[Data below]
^^^^
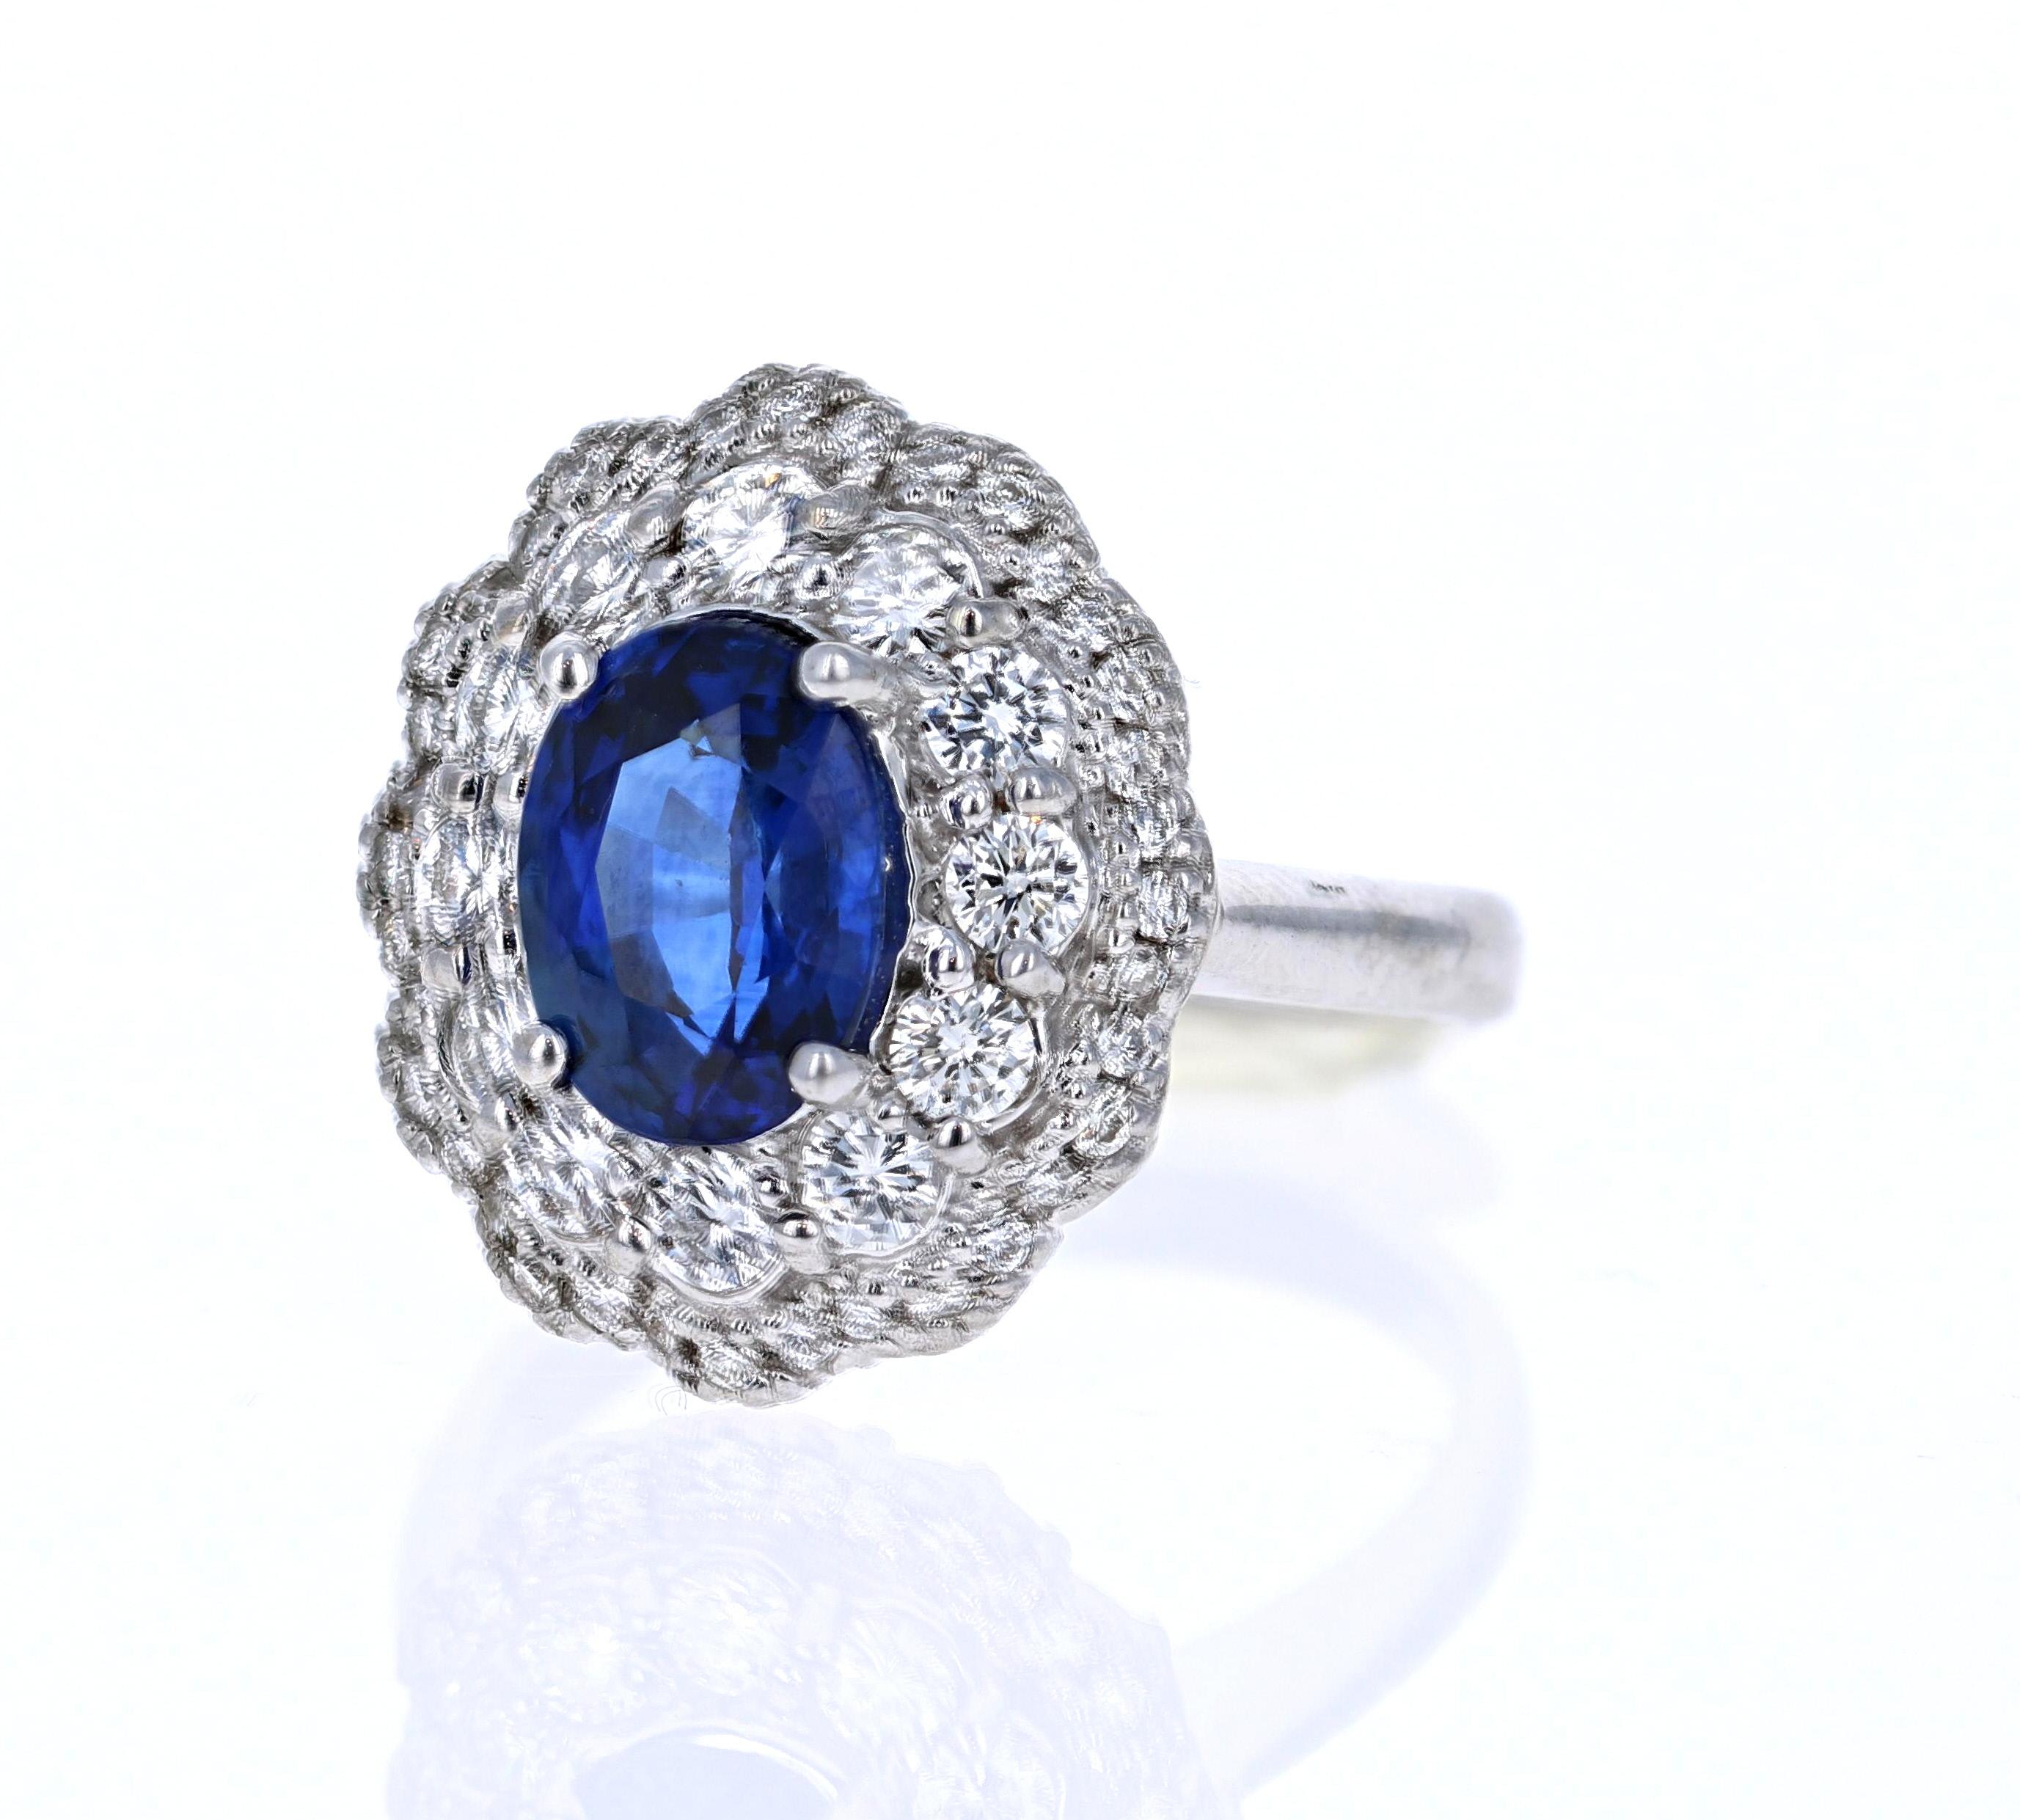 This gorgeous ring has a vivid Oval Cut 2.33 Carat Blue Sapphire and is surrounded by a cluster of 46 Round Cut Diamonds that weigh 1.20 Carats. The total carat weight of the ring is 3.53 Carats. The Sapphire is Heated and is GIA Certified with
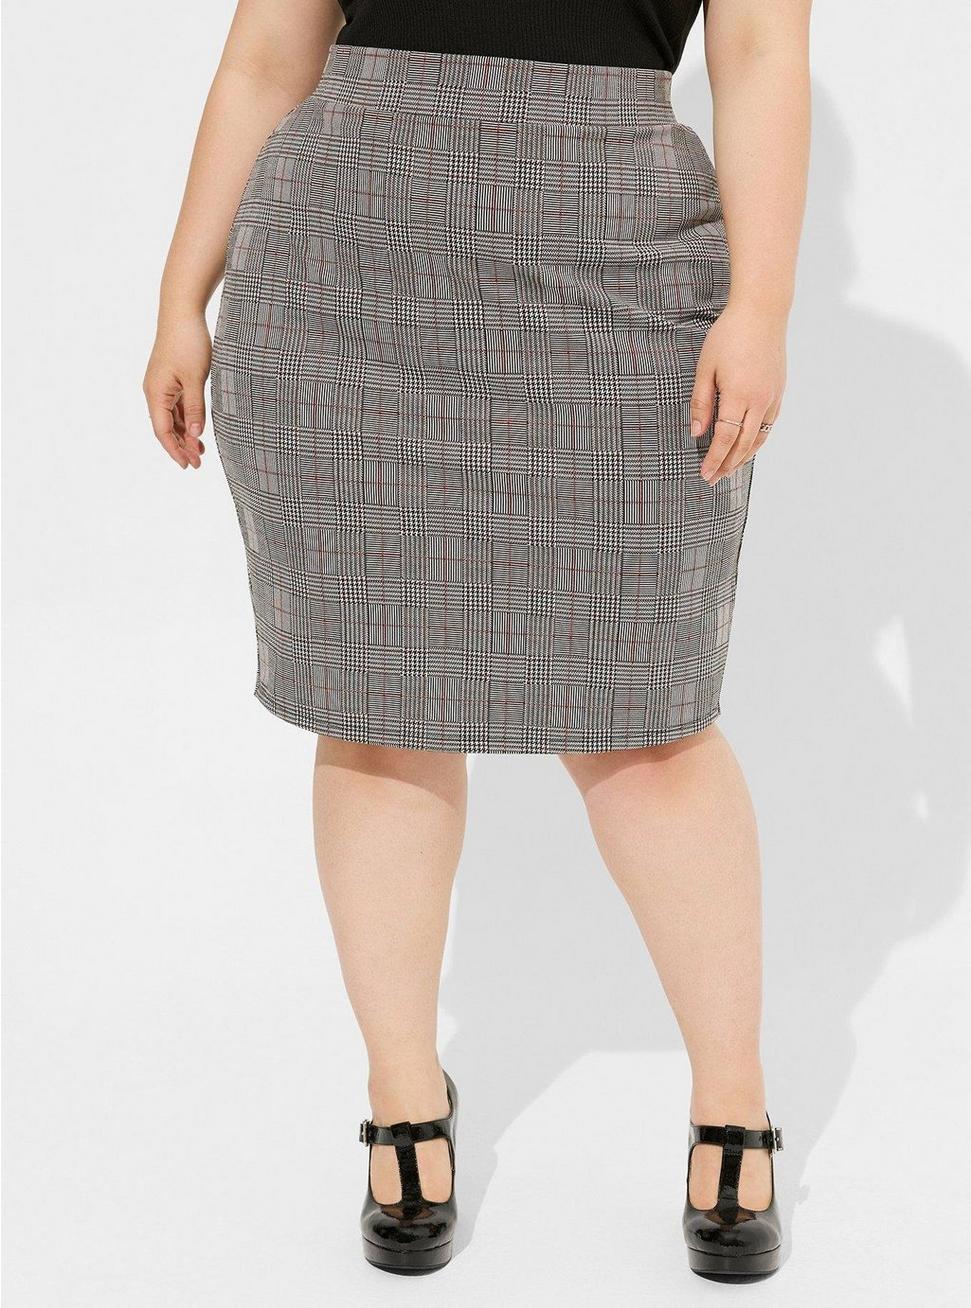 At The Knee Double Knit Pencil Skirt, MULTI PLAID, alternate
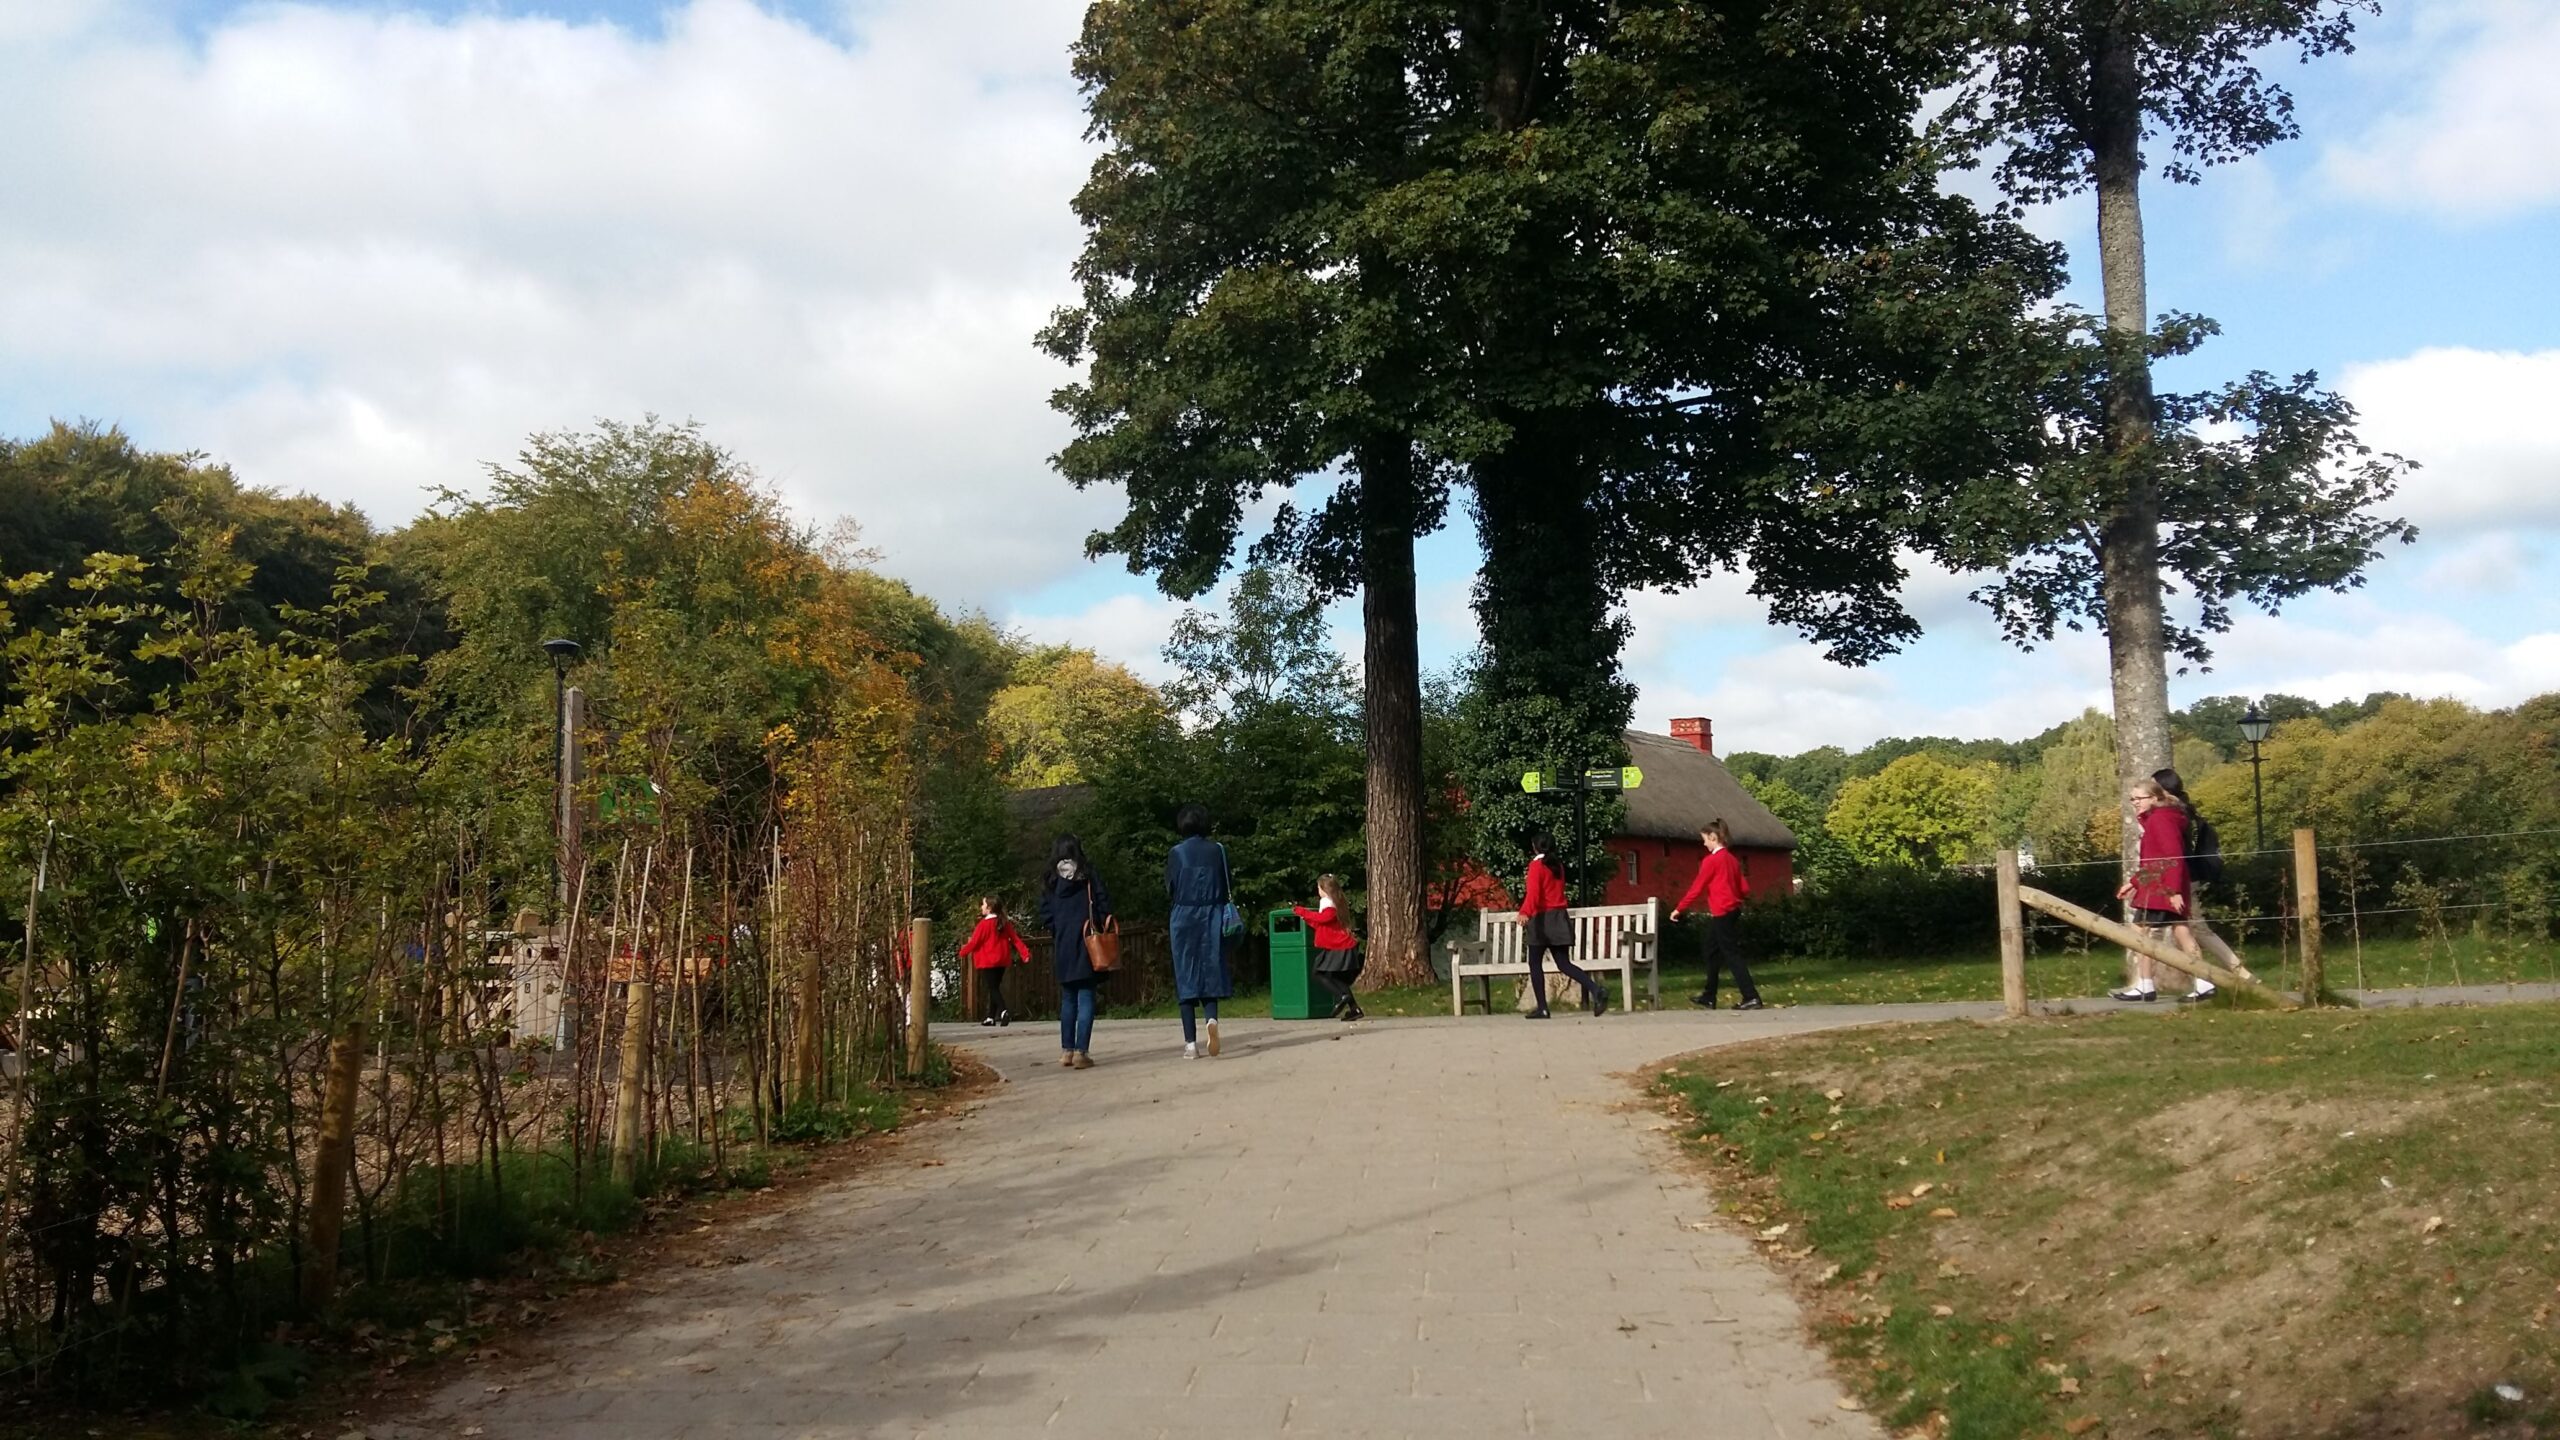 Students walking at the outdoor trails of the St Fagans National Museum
^^^^
[Assignment]
Please copy out the material above exactly, with the images removed.

[Answer to this task]
 This gorgeous ring has a vivid Oval Cut 2.33 Carat Blue Sapphire and is surrounded by a cluster of 46 Round Cut Diamonds that weigh 1.20 Carats. The total carat weight of the ring is 3.53 Carats. The Sapphire is Heated and is GIA Certified with
 At The Knee Double Knit Pencil Skirt, MULTI PLAID, alternate
 Students walking at the outdoor trails of the St Fagans National Museum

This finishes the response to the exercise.